乙型肝炎病毒(HBV)可导致慢性肝炎、肝硬化和肝细胞癌。表面抗原(HBsAg)检测是确诊HBV感染的决定性检测方法,而核心蛋白抗体(抗-HBc)的存在提示既往或正在进行的感染或隐匿性乙型肝炎感染(OBI)。
本研究旨在确定献血者中抗-HBc和HBsAg的流行率。此外,该研究旨在估计在疑似OBI病例中检测到HBV DNA时的抗-HBc水平,并寻找与血清中未检测到HBsAg相关的“a”决定簇突变。
我们在2003年至2009年进行了一项横断面研究。该研究纳入了来自墨西哥普埃布拉州的120552名献血者。使用基于微粒的不同商业系统(酶免疫分析(MEIA)或化学发光免疫分析(CMIA))来测定HBsAg和抗-HBc水平。对于HBV DNA的检测,使用巢式聚合酶链反应(巢式PCR),并使用桑格测序法确定基因型。
在120552名献血者中,1437人(1.19%,95%置信区间:1.12 - 1.26)抗-HBc呈反应性,而82人(0.066%,95%置信区间:0.053 - 0.079)HBsAg呈反应性。2009年从抗-HBc阳性/HBsAg阴性献血者中采集的约156份血浆样本被送去检测HBV DNA,以寻找可能的OBI。在27/156份样本中检测到病毒DNA(17.3%,95%置信区间:11.5 - 23.1)。
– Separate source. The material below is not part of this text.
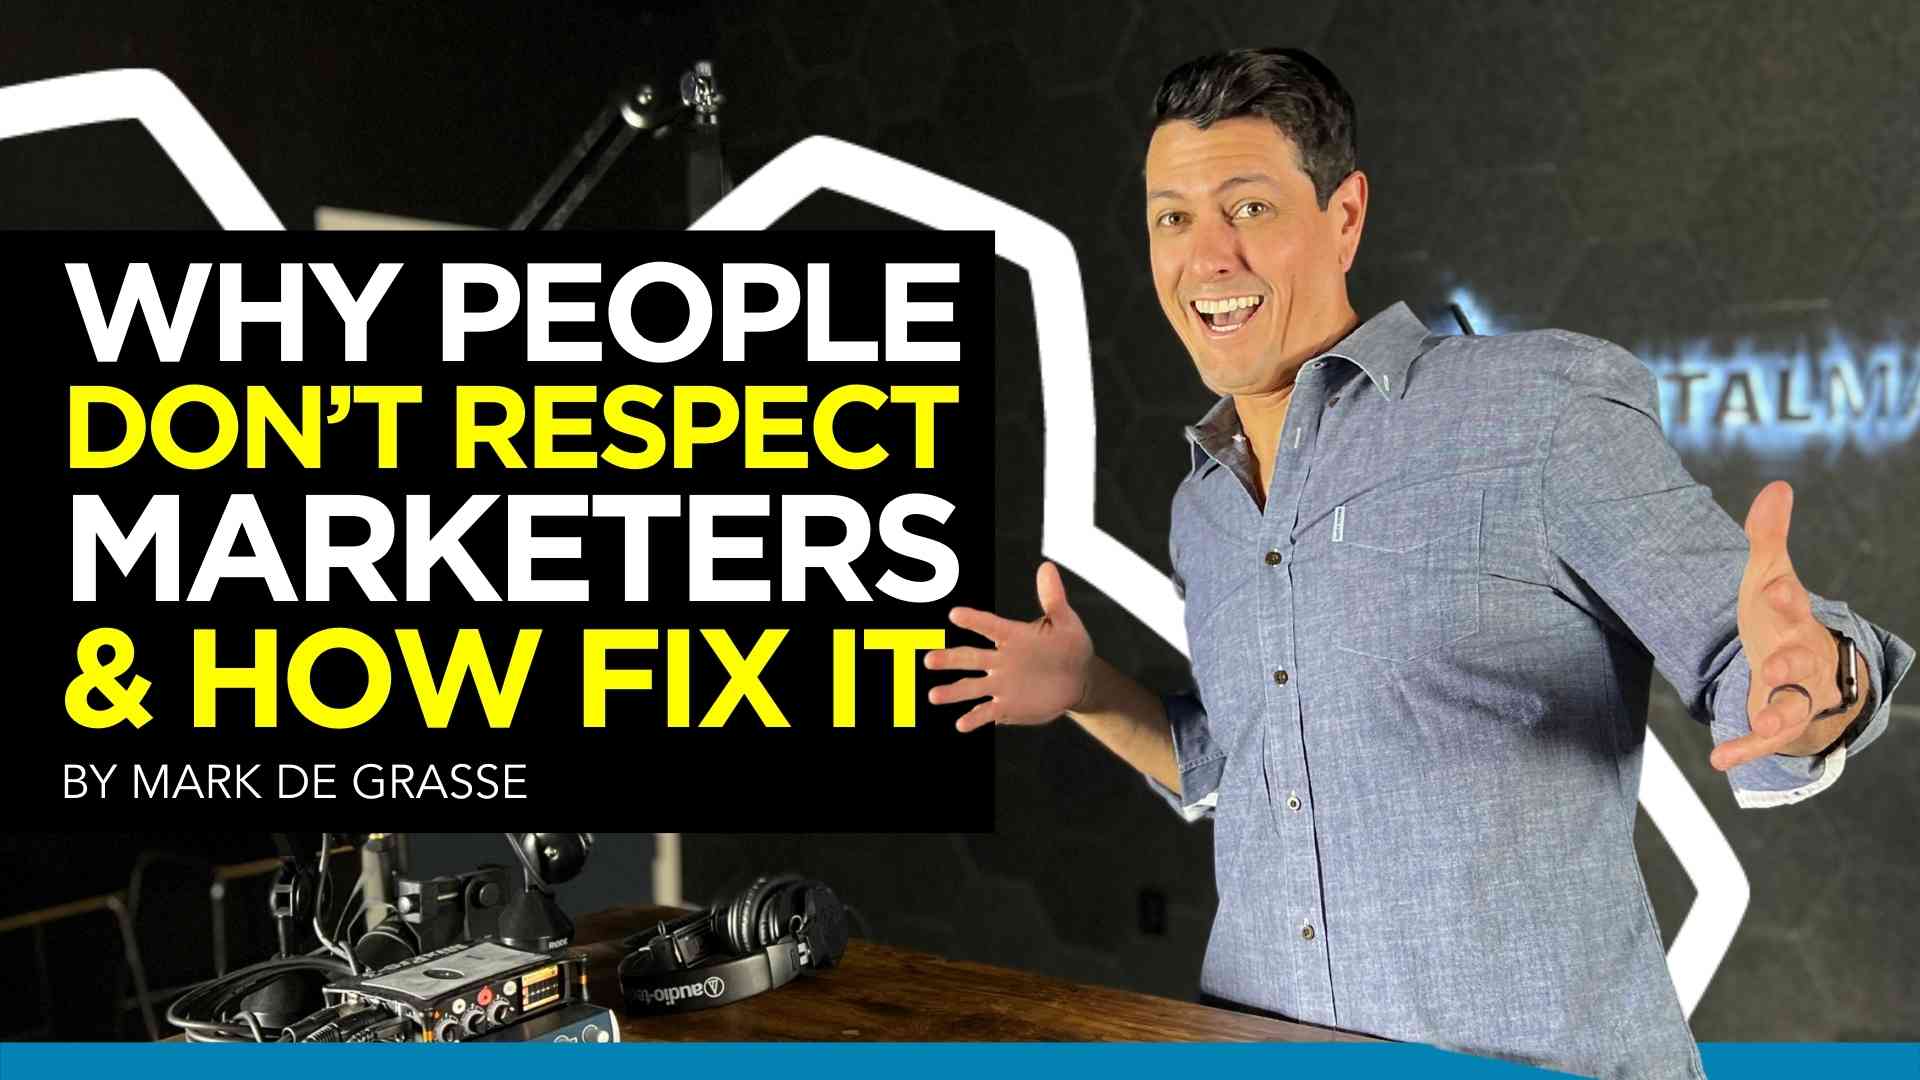 Why People Don't Respect Marketers & How to Elevate the Marketing Profession
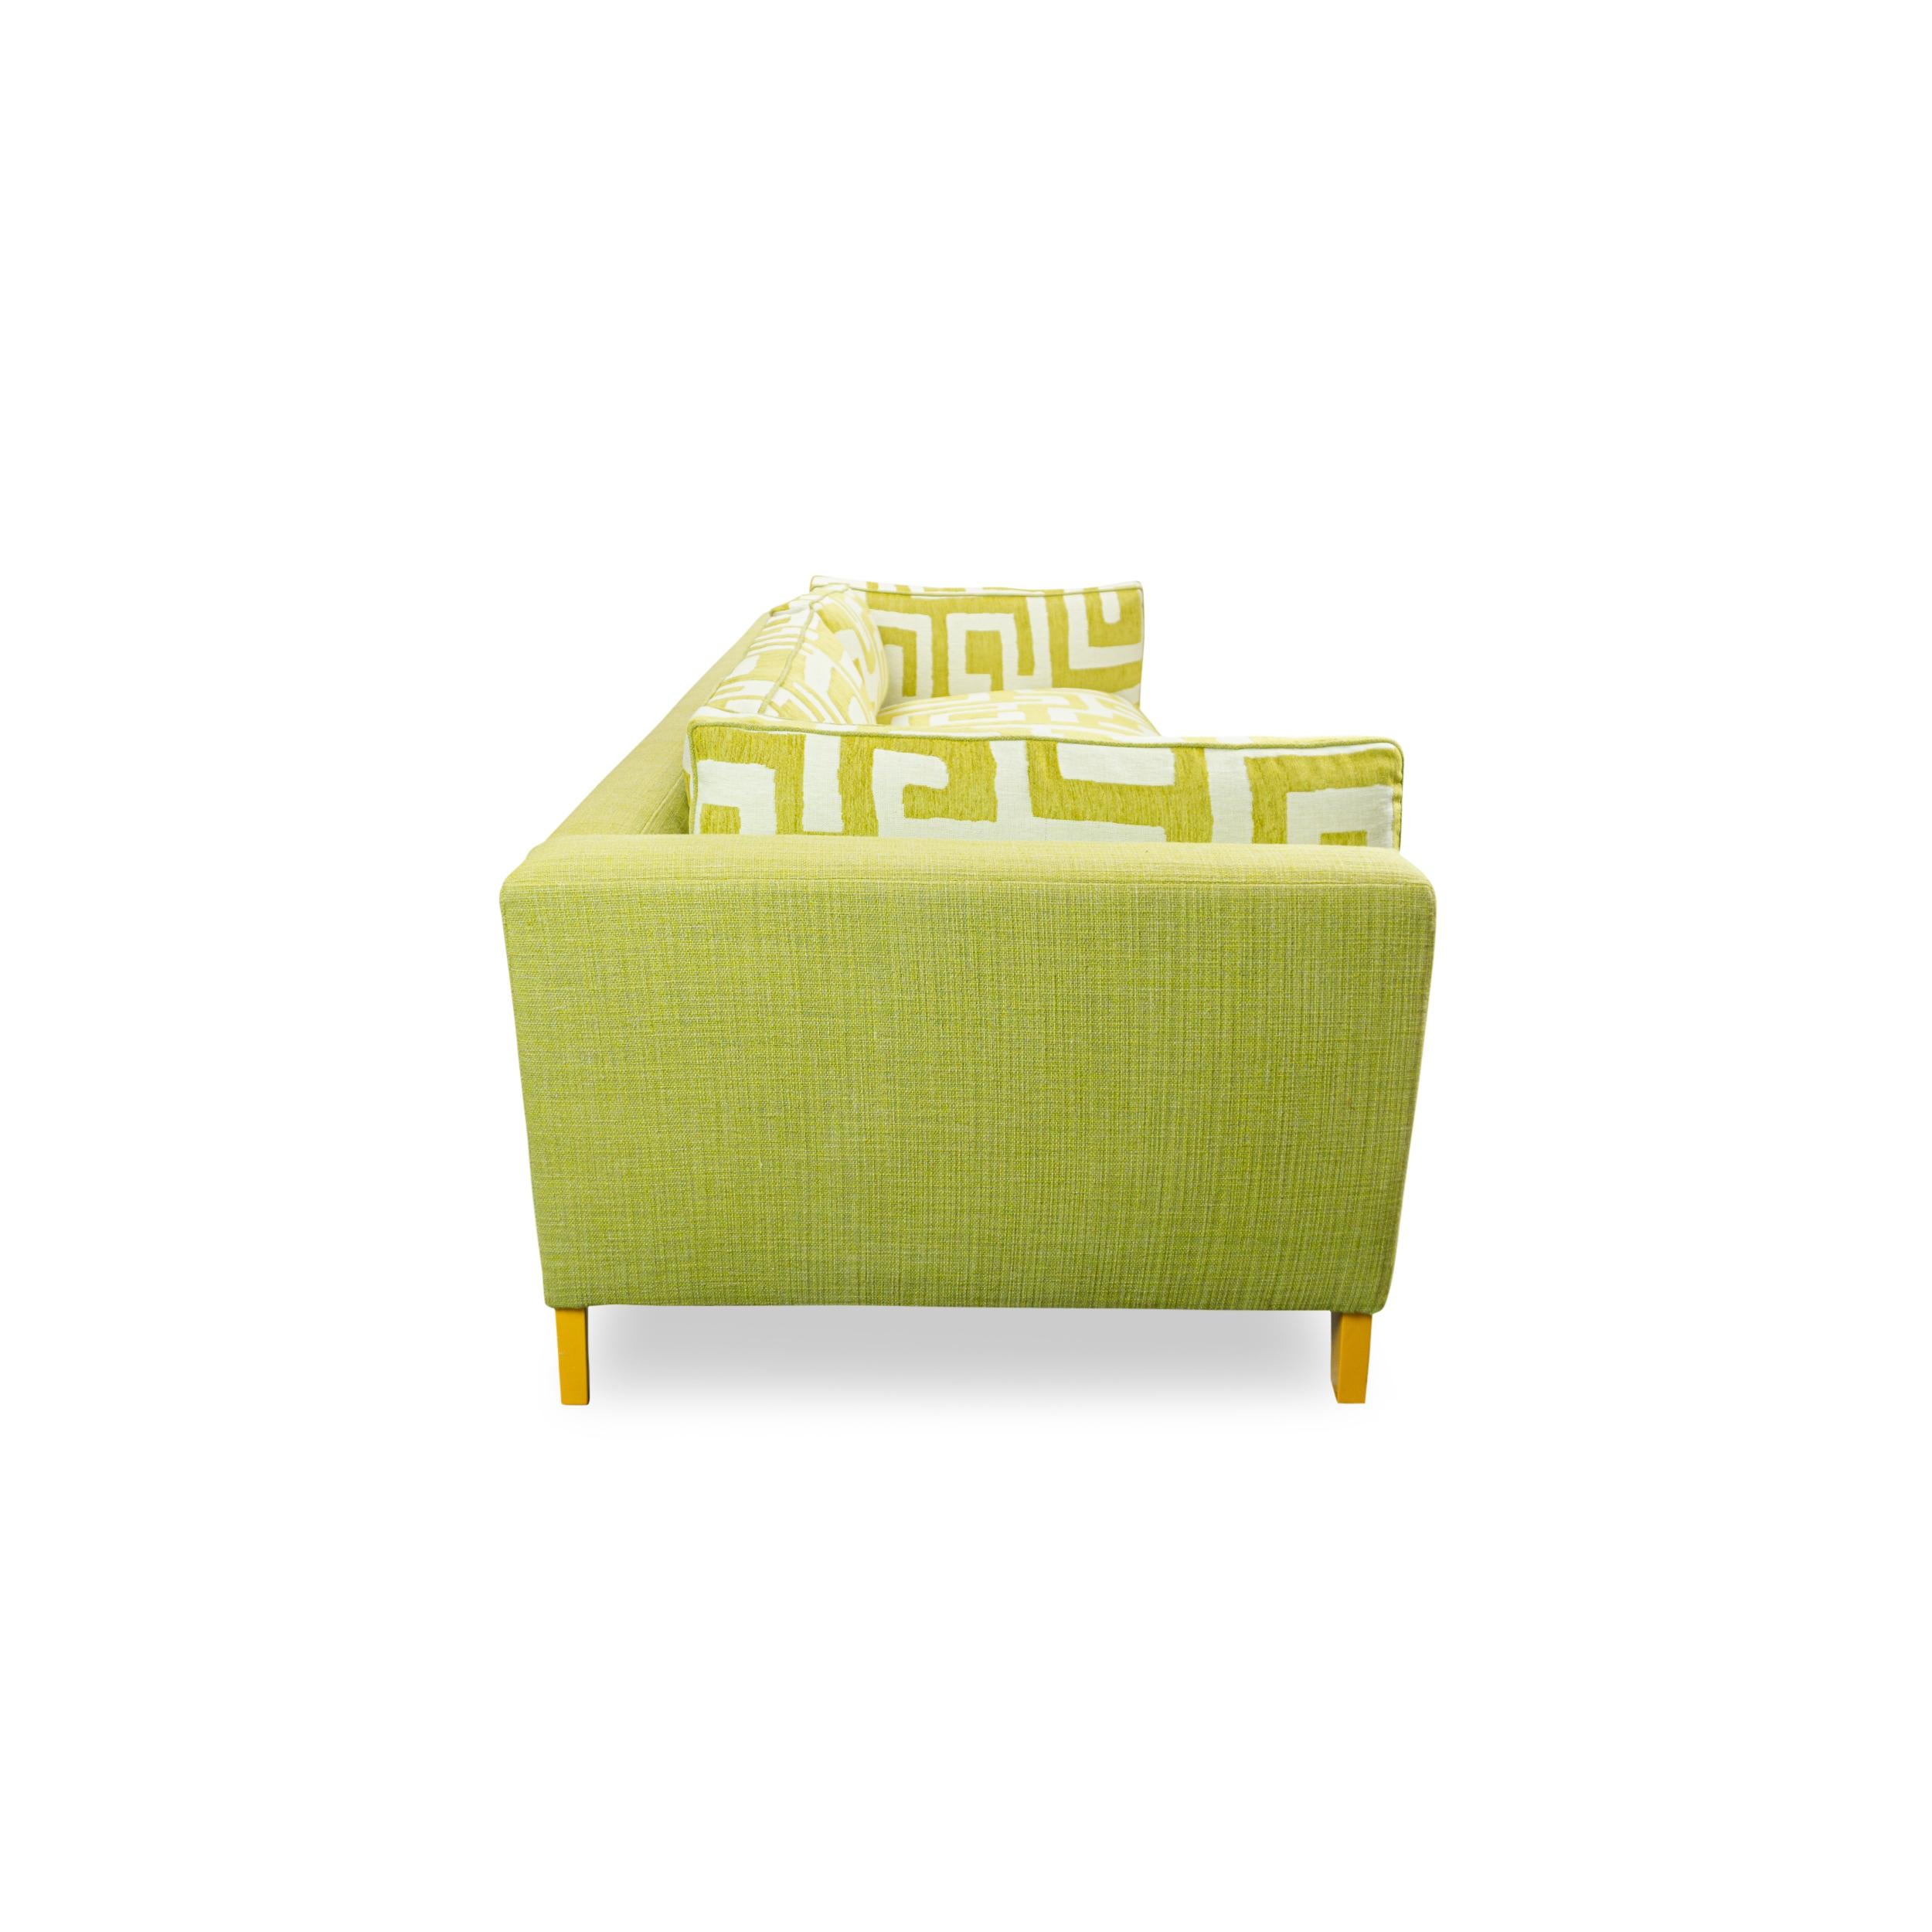 Lacquered Lime Green Bench Cushion Sofa with Maze Pattern Cushions and Sunflower Feet For Sale

我们的结果显示HBV DNA或HBsAg与抗-HBc S/CO水平≥4.0之间存在关联。所有DNA样本均被鉴定为H基因型,并且鉴定出了一些“a”决定簇突变,尽管没有一个与先前报道的阻碍商业免疫测定法检测HBsAg的突变相对应。
我们观察到,随着抗-HBc水平的升高,献血者中病毒蛋白HBsAg的流行率也更高。与抗-HBc S/CO≥1且<4.0的样本相比,检测HBV-DNA呈阳性的样本中抗-HBc S/CO≥4的出现频率高出十倍,这突出了在献血者样本中测定抗-HBc的重要性。